» Exercise requirements
What I need is an exact repeat of the lines from the one with "Инструкция от стоматолога: ёршики" through the end of the listing below. Leave out every picture.

» Data block
%%

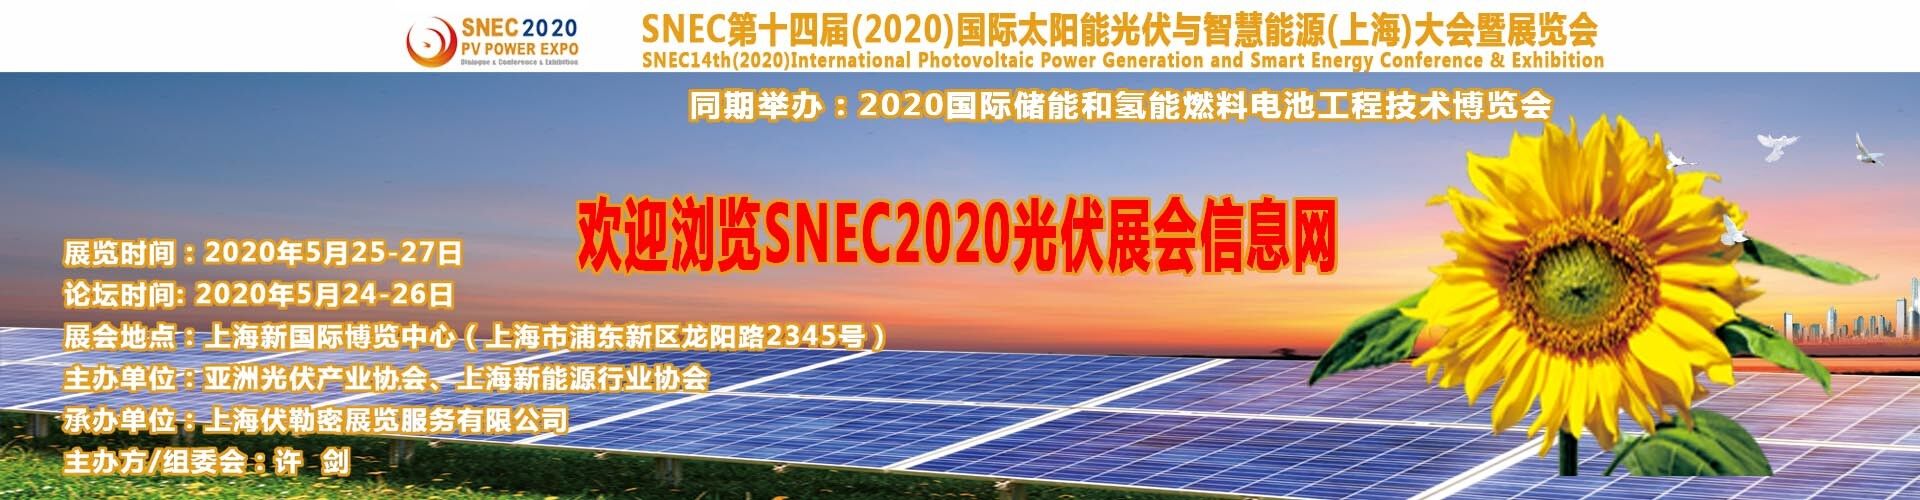 2018SNEC上海太陽能展會同期研討會
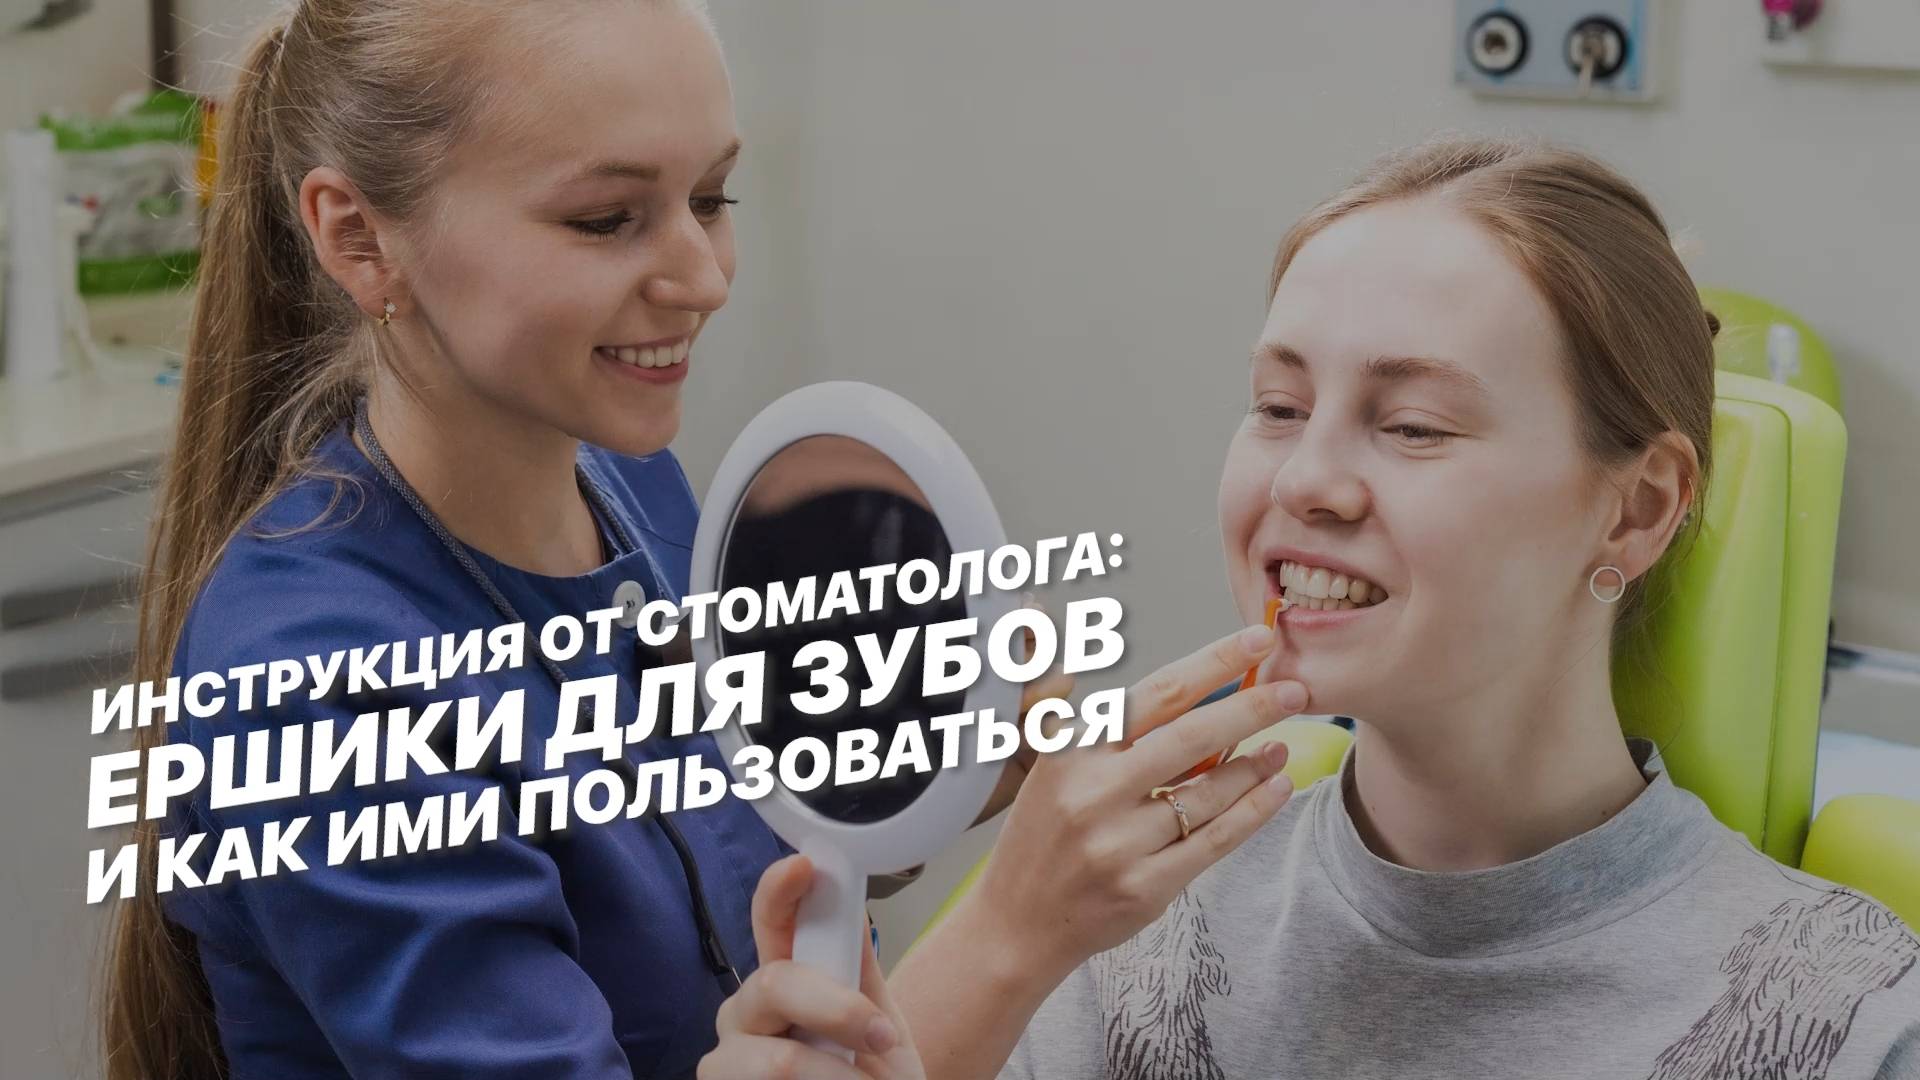 Инструкция от стоматолога: ёршики для зубов и как ими пользоваться.
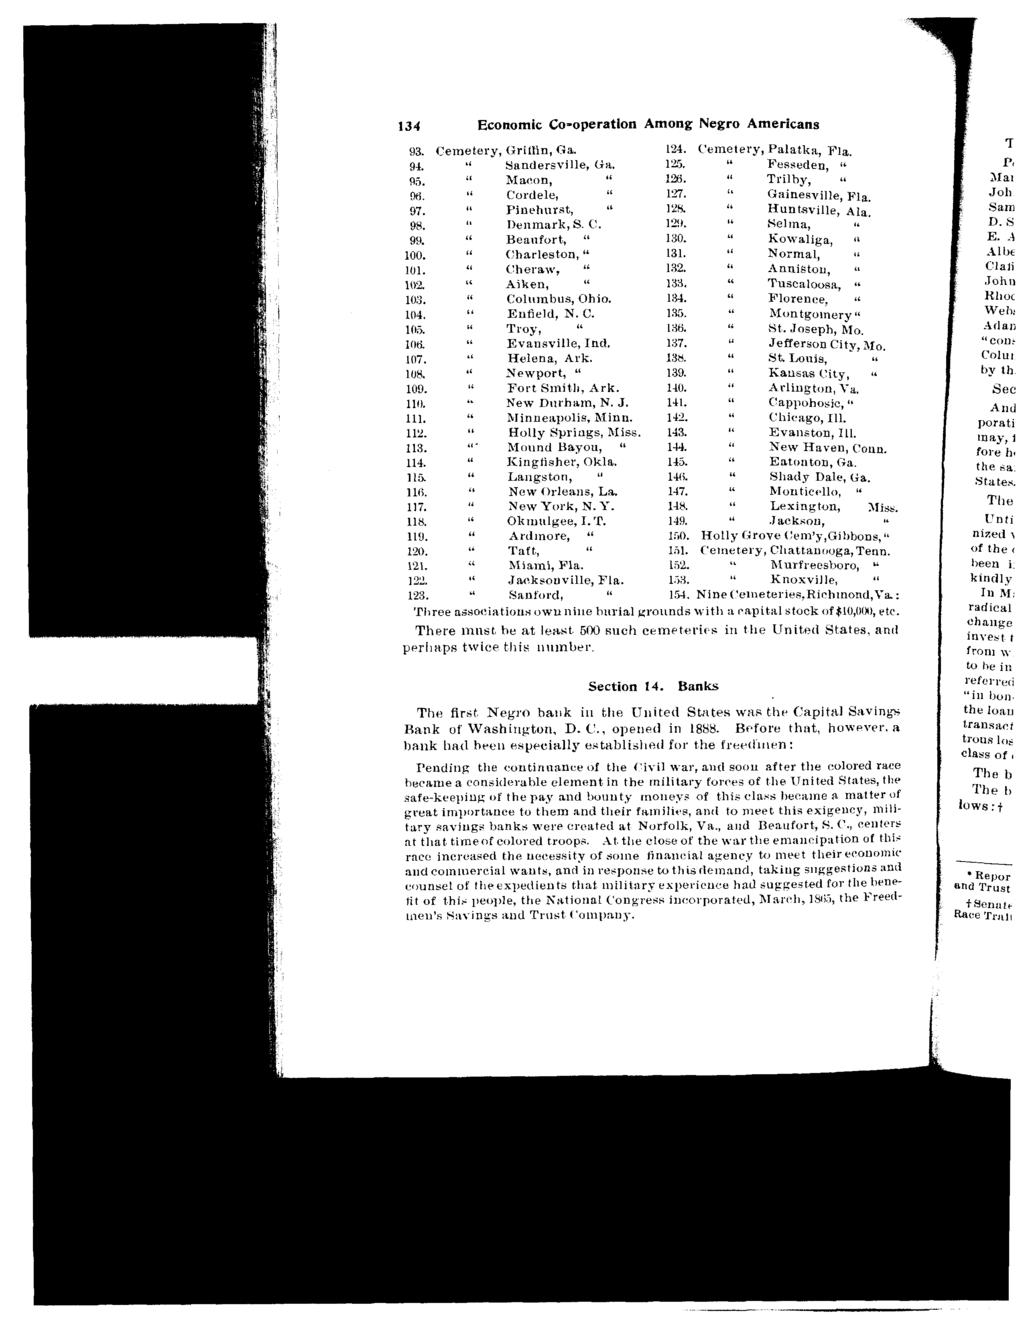 134 Economic Co-operation Among Negro Americans 93. Cemetery, Gritfin, Ga. Sandersville, Ga. hl act on, ' Cordele, L Pinehnrst, " I)enmark, S. C!. Beaufort, Charleston, " Cheraw, &' 94. 9.5. 96. 97.

%%

» Response to this exercise
 Инструкция от стоматолога: ёршики для зубов и как ими пользоваться.
 134 Economic Co-operation Among Negro Americans 93. Cemetery, Gritfin, Ga. Sandersville, Ga. hl act on, ' Cordele, L Pinehnrst, " I)enmark, S. C!. Beaufort, Charleston, " Cheraw, &' 94. 9.5. 96. 97.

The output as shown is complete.